::: INFORMATION SHOWN
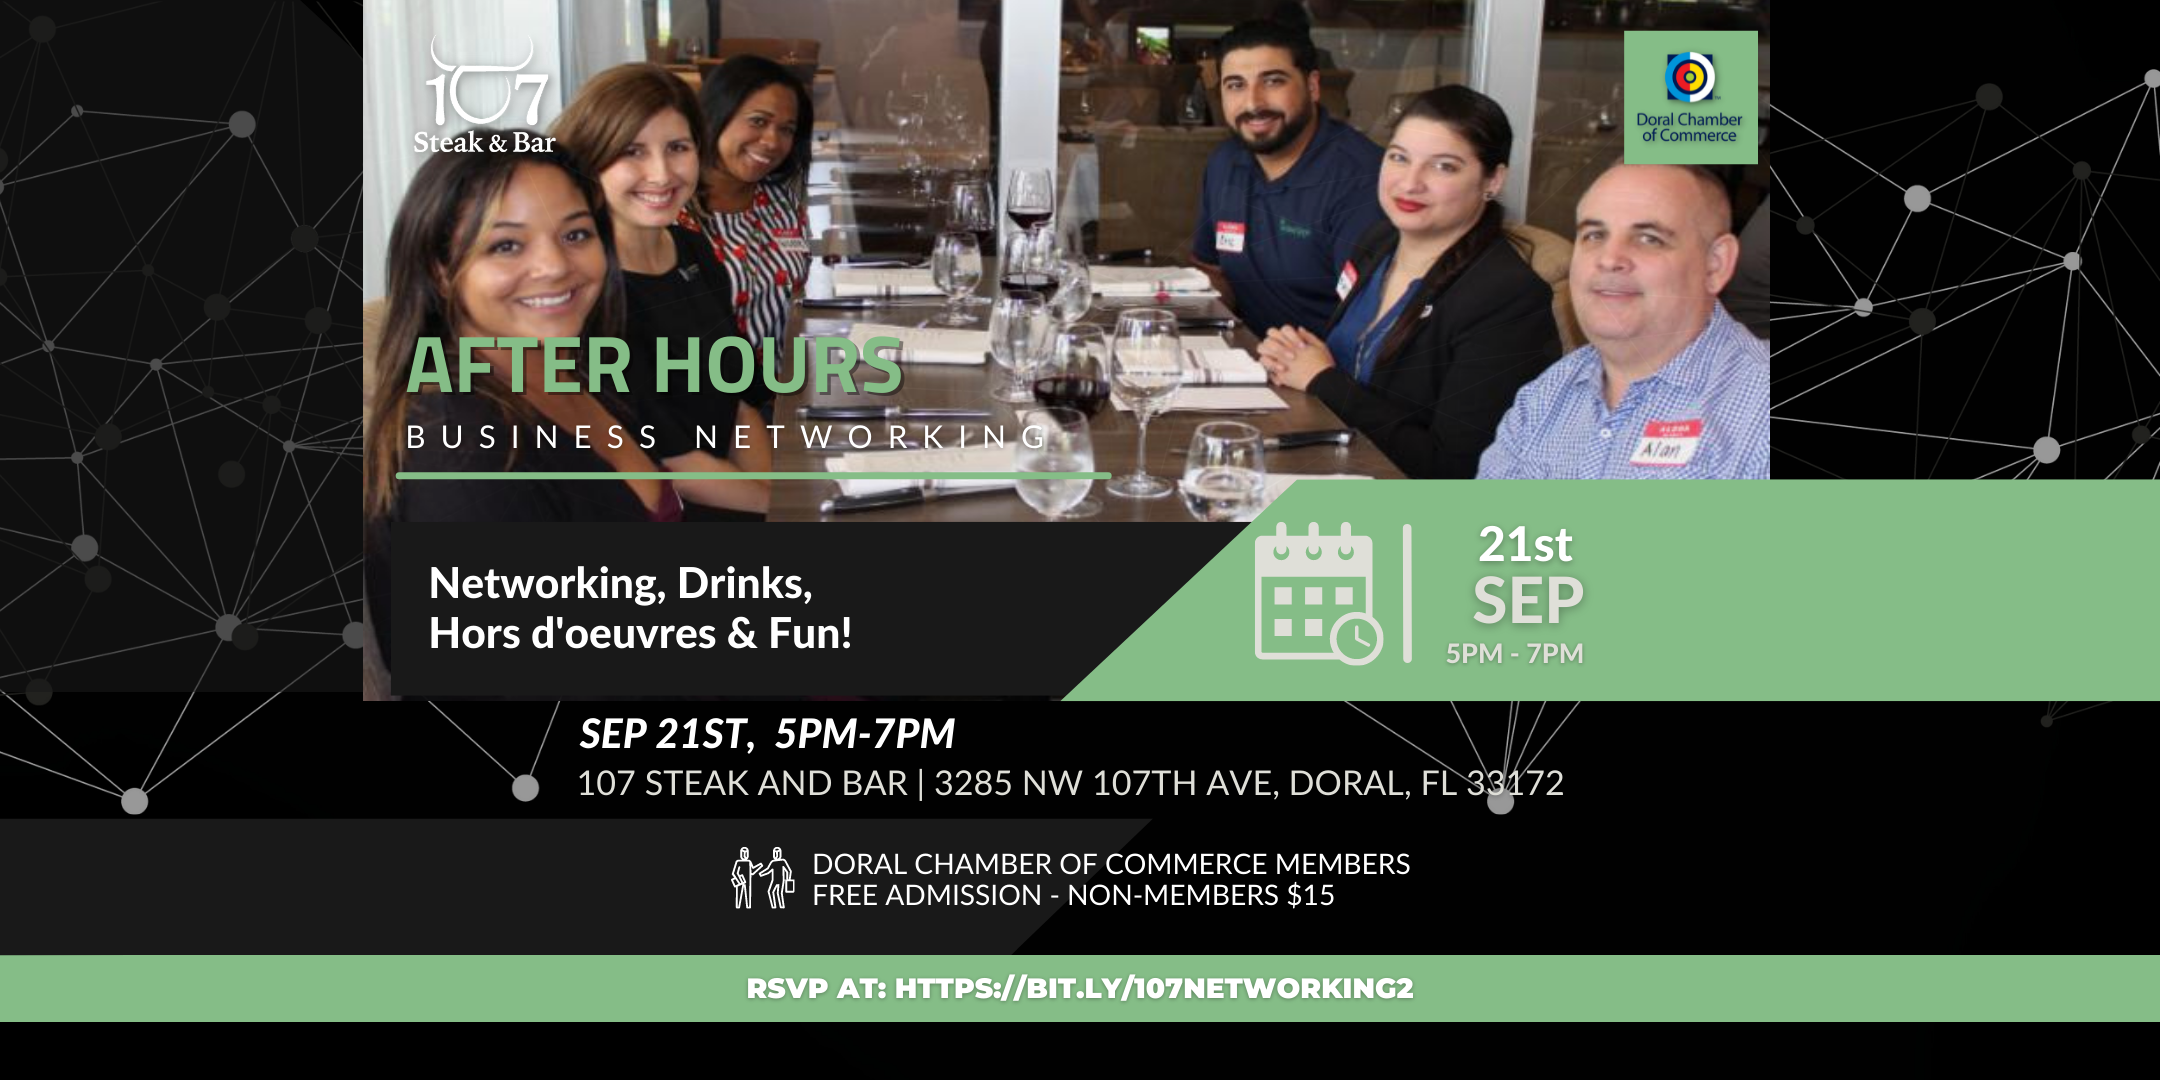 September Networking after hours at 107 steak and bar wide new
::::::
::: INFORMATION SHOWN
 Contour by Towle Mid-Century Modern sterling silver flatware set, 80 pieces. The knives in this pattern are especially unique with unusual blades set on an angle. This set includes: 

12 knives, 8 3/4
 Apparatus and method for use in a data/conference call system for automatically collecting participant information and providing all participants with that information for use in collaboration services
::::::
::: INFORMATION SHOWN
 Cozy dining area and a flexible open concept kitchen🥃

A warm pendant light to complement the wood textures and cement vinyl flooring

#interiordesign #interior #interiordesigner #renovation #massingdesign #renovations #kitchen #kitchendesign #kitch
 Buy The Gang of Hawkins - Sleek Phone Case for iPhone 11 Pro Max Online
::::::
What is asked for is an exact copy of the lines above from the one containing "Cozy dining area" through the one containing "Buy The Gang", and only those.

 Cozy dining area and a flexible open concept kitchen🥃

A warm pendant light to complement the wood textures and cement vinyl flooring

#interiordesign #interior #interiordesigner #renovation #massingdesign #renovations #kitchen #kitchendesign #kitch
 Buy The Gang of Hawkins - Sleek Phone Case for iPhone 11 Pro Max Online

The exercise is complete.